The OSPool is made up of mostly opportunistic capacity - contributing clusters may interrupt jobs at any time. Thus, the OSPool supports workloads of numerous jobs that individually complete or checkpoint within 20 hours.

The OSG consortium provides guidance on what type of jobs are a good fit. It is replicated from the OSPool website below.

Ideal Jobs! Still very advantageous Maybe not, but get in touch!
Expected Throughput, per user 1000s concurrent cores 100s concurrent cores Let’s discuss!
CPU 1 per job < 8 per job > 8 per job
Walltime < 10 hrs* < 20 hrs* > 20 hrs
RAM < few GB < 40 GB > 40 GB
Input < 500 MB < 10 GB > 10 GB**
Output < 1 GB < 10 GB > 10 GB**
Software pre-compiled binaries, containers Most other than → Licensed Software, non-Linux

OSG User Registration

To get started with the OSPool, please complete the account application here. After submitting the form, you’ll receive an invitation to a new user meeting with an OSG facilitator. During the meeting, you’ll get an overview of OSG and discuss how to run your computations on the platform. Your account and project will be set up following this meeting.

Submitting jobs

Submitting jobs involves logging into one of the OSG Access points, from where you can submit a job using HTCondor or a workflow tool like Pegasus to the OSPool. Submitting the job is similar to how you submit a job on your local HPC cluster. The main difference is that you are interacting with HTCondor not SLURM or SGE.
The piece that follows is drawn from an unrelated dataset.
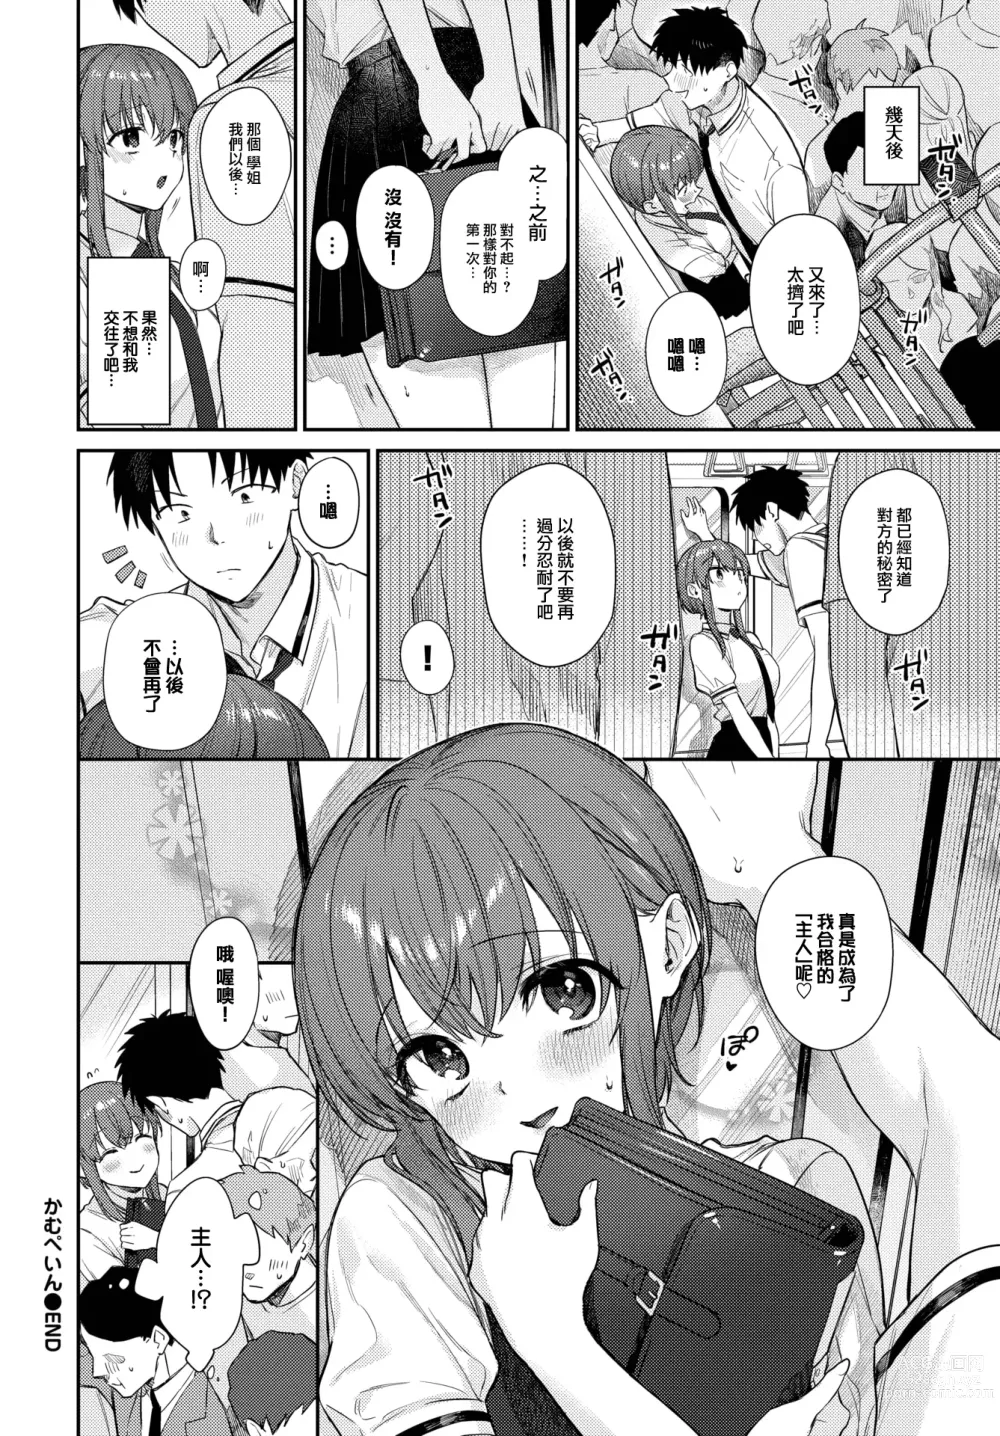 Page 25 of manga Come Pain!

Another important difference to keep in mind is that unlike HPC clusters, you cannot expect a shared filesystem between the login node (from where you submit the job) and the nodes on which your jobs execute. The nodes on which your jobs run are geographically distributed as illustrated in the figure below.

OSPools Job Submission

Image Credit: OSG Research Facilitation Team

PATh

The PATh Facility is part of a pilot project funded by the NSF Office of Advanced Cyberinfrastructure. NSF-funded researchers can apply to request credits for the PATh facility. In that aspect, PATh is also similar to ACCESS resources in that you need to apply for credits to run on these resources.
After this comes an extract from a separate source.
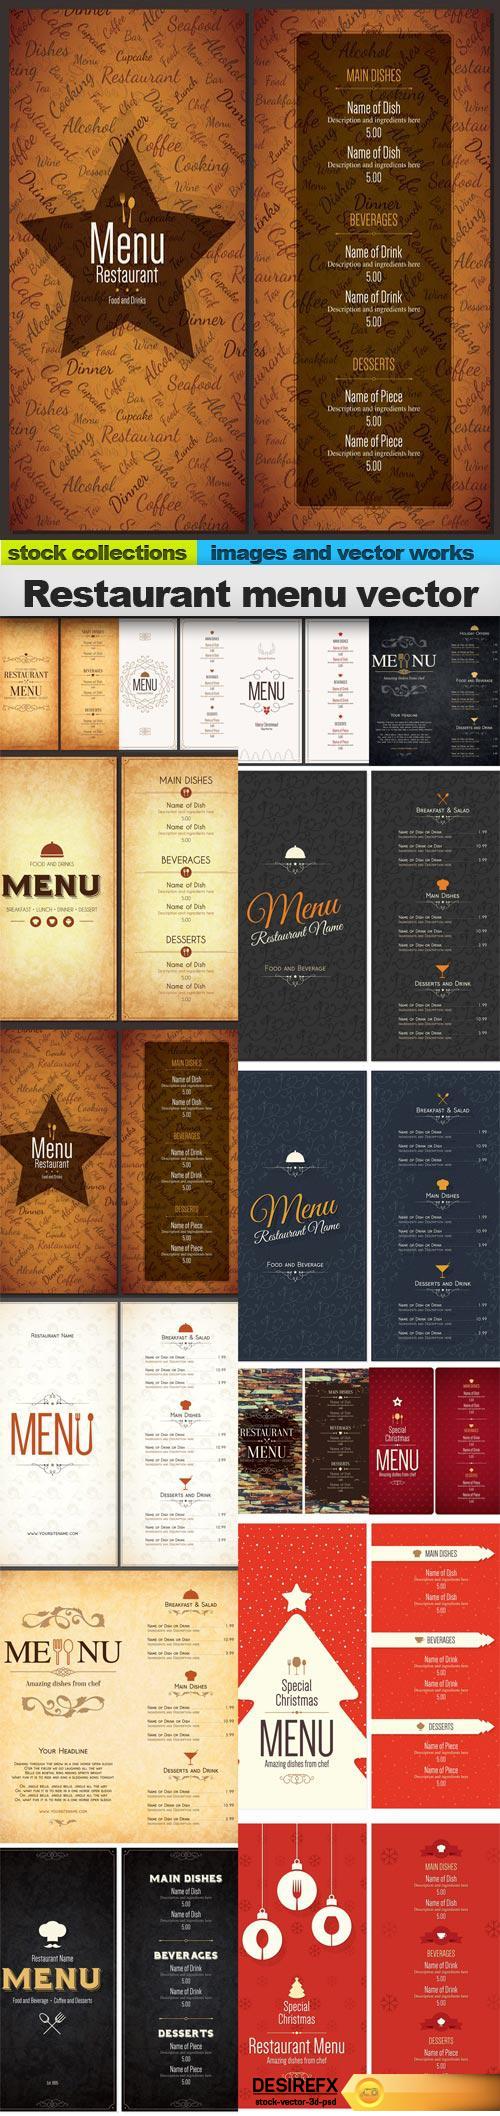 Restaurant menu vector, 15 x EPS

Composed of current gen hardware, the PATh facility provides users access to

  • 30,000 cores and
  • 36 A100 GPUs

PATh user registration can be found on the PATh website.

OS Pool vs PATh

A researcher’s experience on PATh Facility and OSG’s Open Science Pool (OSPool) compute systems is similar: both offer thousands of CPU resources, as well as GPUs, disk space for saving actively-used data, and support technologies such as containerized software and checkpointing. They also both use a HTCondor Software Suite as a job scheduling software, which specializes in managing large high-throughput workflows.

The main differences between the two are

  1. OSPool is open to any US-affiliated academic, non-profit, or government research projects while PATh is available to only researchers with accepted or active NSF award with selected affiliated programs.
  2. PATh uses compute credit system to request resources.
  3. On PATh researchers can request larger amounts of CPU/GPUs, more memory, disk space, and a longer runtime and are guaranteed these resources until their job completes.

Full details on these differences can be found here.